··· DATASET EXTRACT

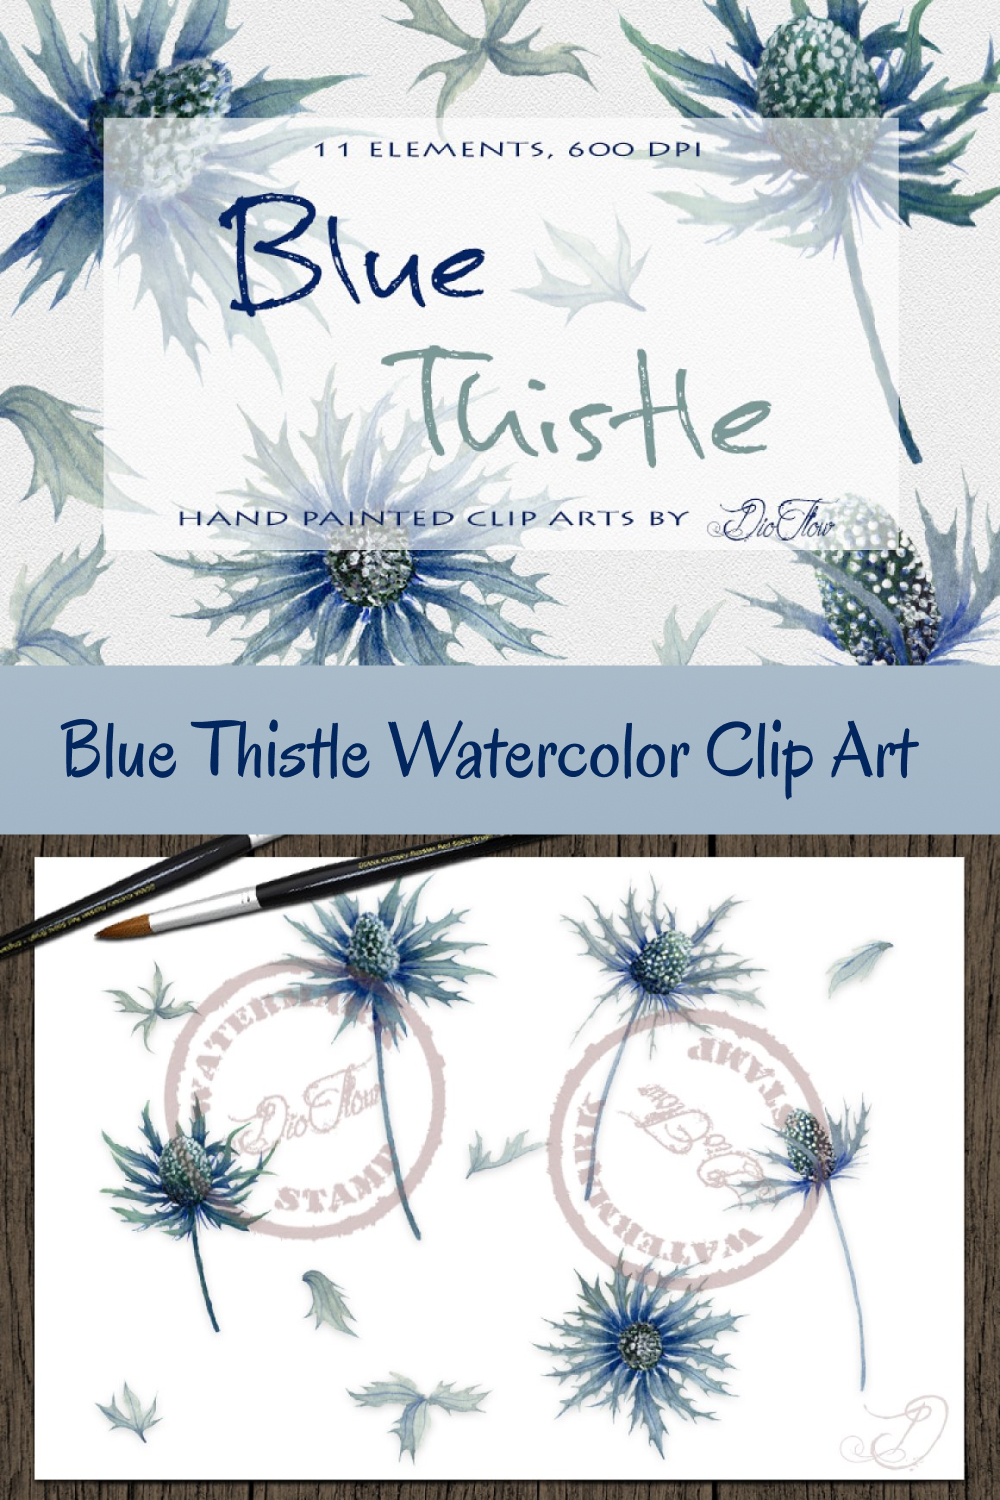 Blue thistle watercolor clip art of pinterest.
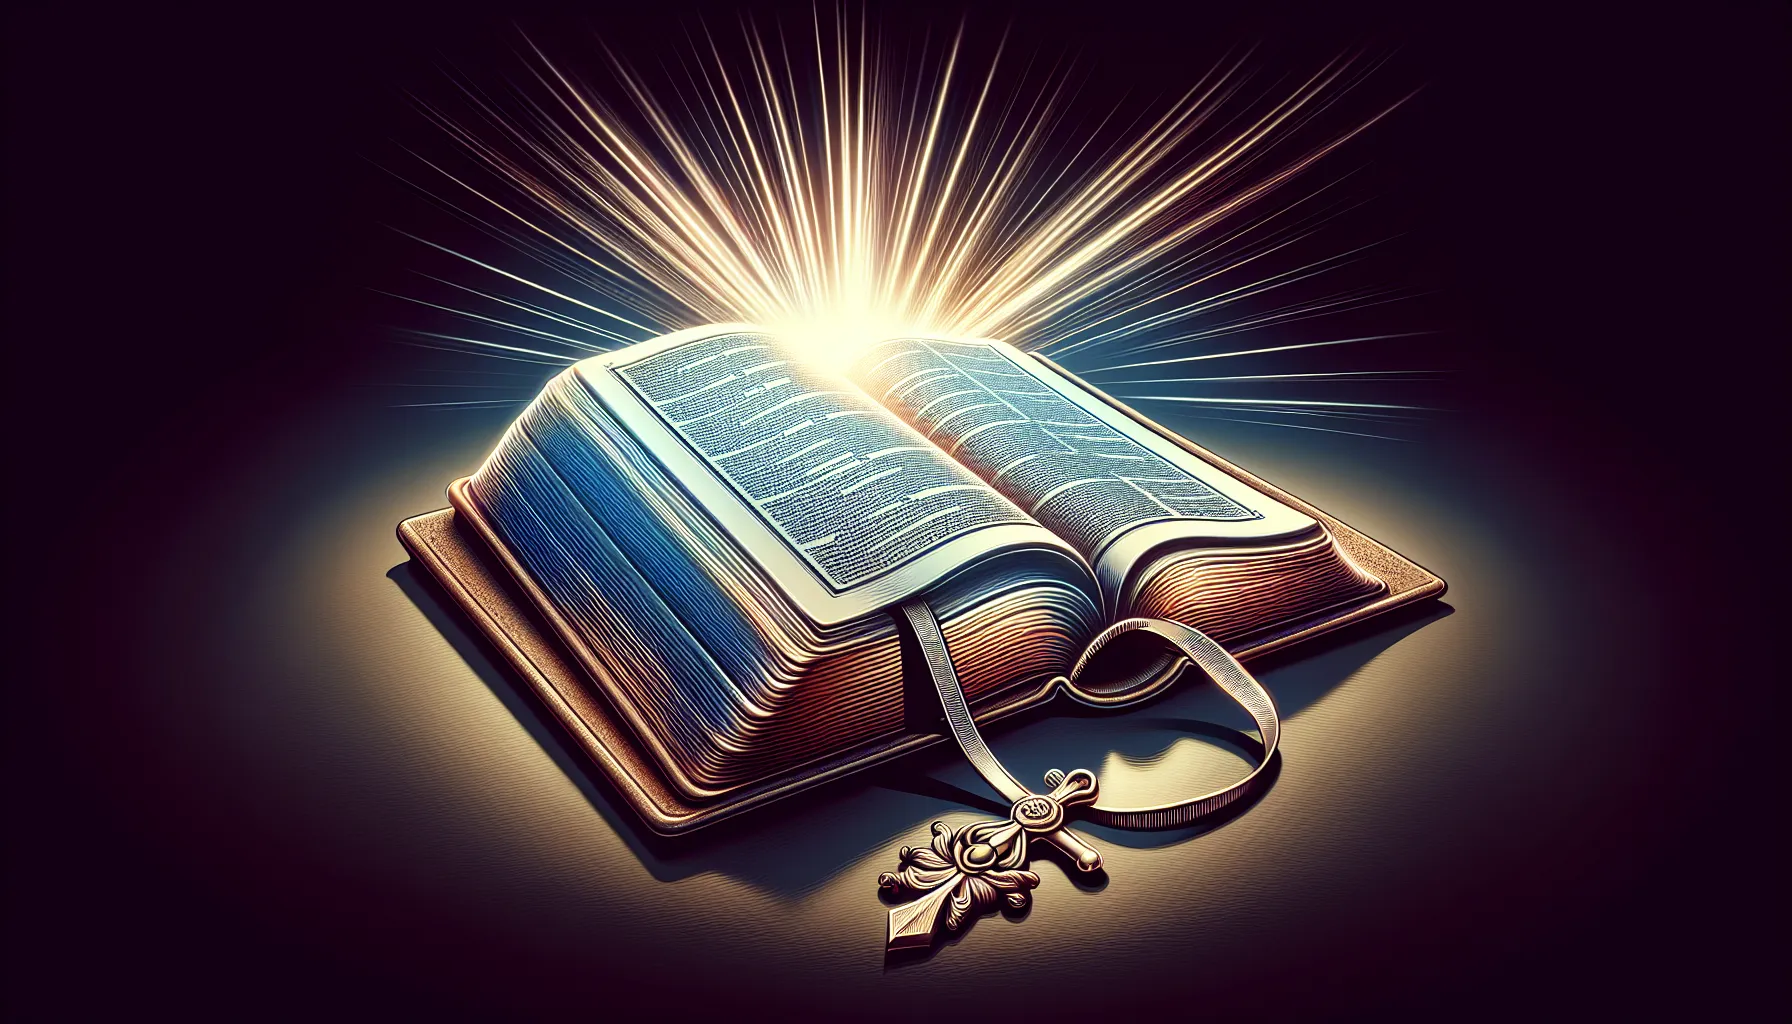 Imagen ilustrativa de la Biblia abierta con rayos de luz resplandeciendo
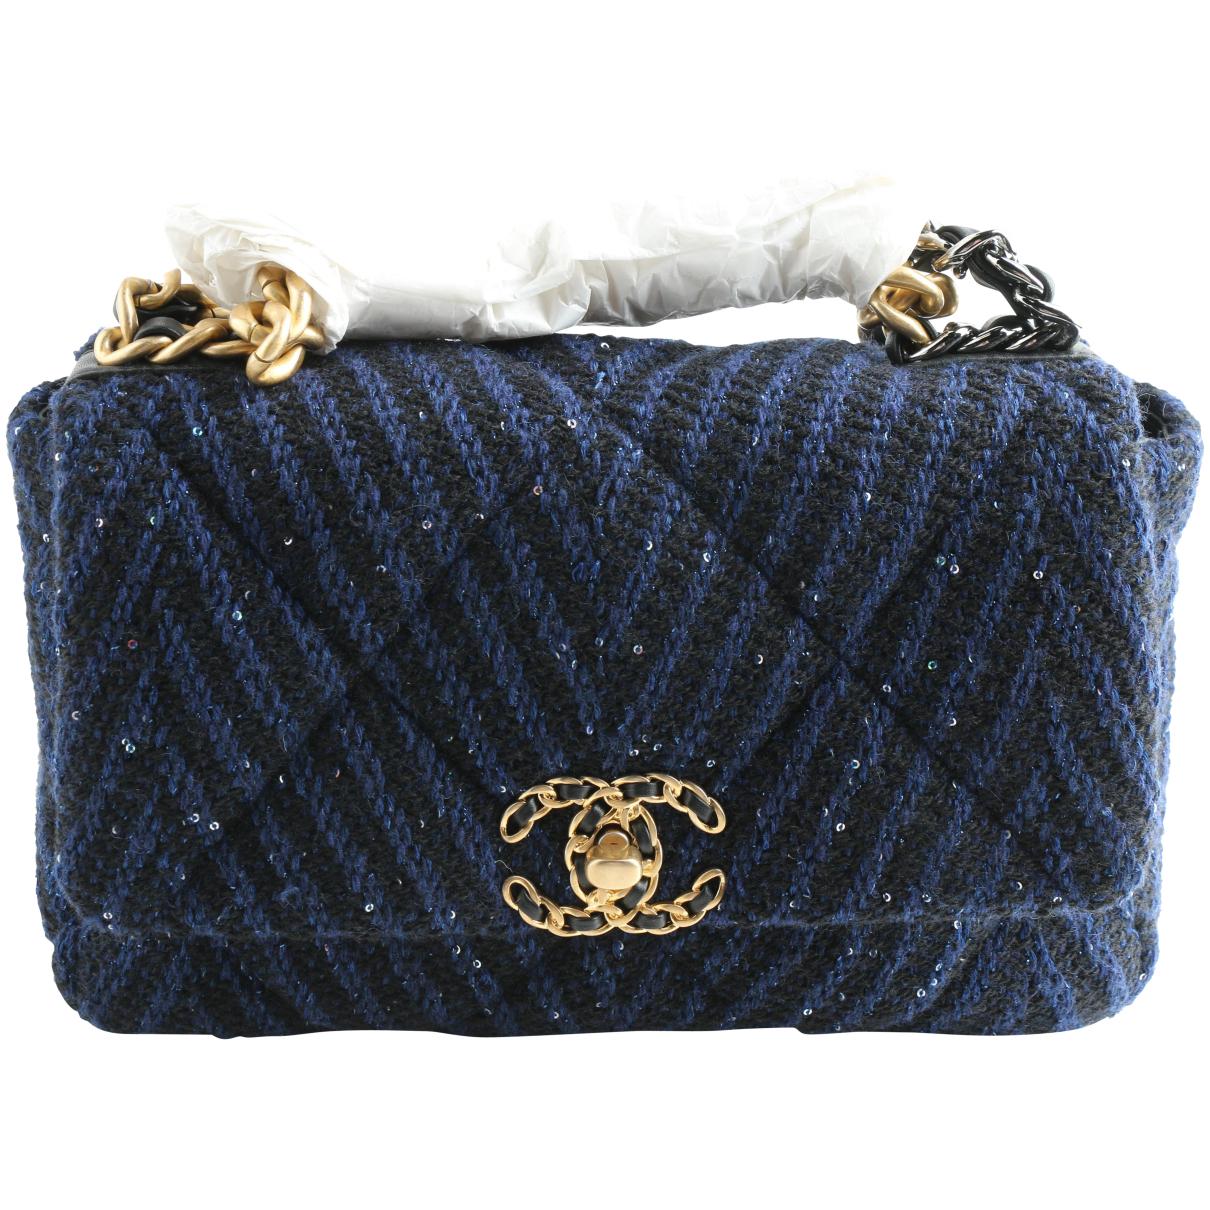 Wallet on chain chanel 19 tweed handbag Chanel Navy in Tweed - 27477205

······

(PROBLEM)
Each line above has to be returned exactly. Drop the pictures.

(SOLUTION TO THE EXERCISE)
 Blue thistle watercolor clip art of pinterest.
 Imagen ilustrativa de la Biblia abierta con rayos de luz resplandeciendo
 Wallet on chain chanel 19 tweed handbag Chanel Navy in Tweed - 27477205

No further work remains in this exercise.